La Matrice ne comporte aucune référence directe à Platon, mais il évoque la question posée en suivant l'analogie platonique. La caverne, après tout, n'était pas la réalité ultime pour Platon. Le prisonnier libéré quitte la caverne et découvre la réalité véritable à l'extérieur, le Monde des Formes, sur lequel règne la Forme de la Bonté. Serait-ce possible que le “monde réel” dans lequel Néo se réveille soit également une simulation, de la réalité virtuelle? Ce serait une tournure intéressante pour La Matrice II, mais il n'y a aucun indice de tout ça ici. À vrai dire, par d'autres indices, La Matrice nous porte à la réflexion, même si le “monde réel” est le vrai monde, le monde véritable n'est peut-être pas si “réel” après tout.

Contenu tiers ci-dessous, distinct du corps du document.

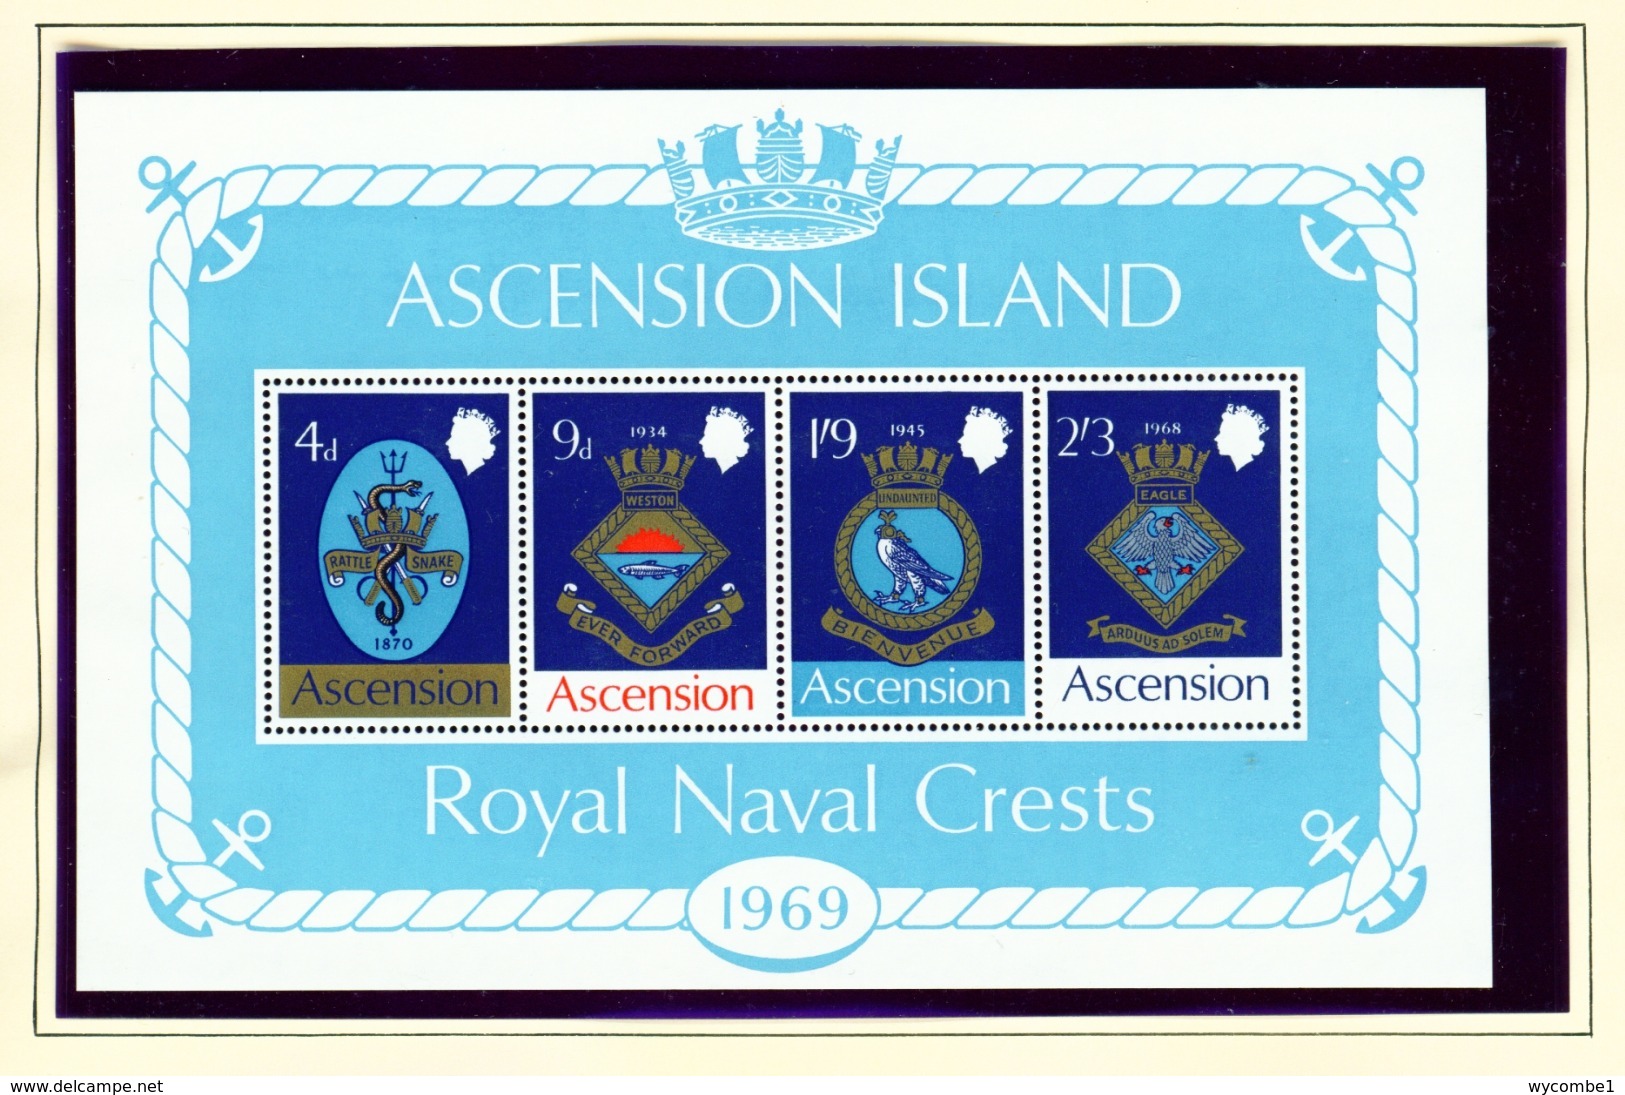 ASCENSION  -  1969 Naval Crests Miniature Sheet Unmounted/Never Hinged Mint - Ascension

Morpheus apprend à Néo que, dès qu'il devient conscient que La Matrice n'est qu'une simulation par ordinateur, il devient possible de la manipuler. Morpheus, Trinité, et les autres membres de la “Résistance” ont tous développés cette capacité, ce qui explique pourquoi Trinité ait pu éviter les balles, courir sur un mur, et faire des sauts innouïs – sa disparition, bien sûr, n'était simplement que le retrait de son corps virtuel de La Matrice. Ce que Morpheus recherche vraiment, par contre, c'est quelqu'un, “L'Élu,” qui peut manipuler La Matrice à volonté et créer une infinité de résultats, c'est-à-dire. faire stopper les balles en plein vol ou vaincre les “Agents,” qui sont “programmes intelligents” invincibles dont la mission est de tuer les gens comme Morpheus, Trinité, et Néo (qui ne peuvent survivre même à une mort “virtuelle”) et détruire la Résistance. L'apogée du film, bien sûr, est atteint lorsque Néo développe cette habileté, est révélé comme étant L'Élu, vainc les Agents et peut commencer la libération de l'humanité.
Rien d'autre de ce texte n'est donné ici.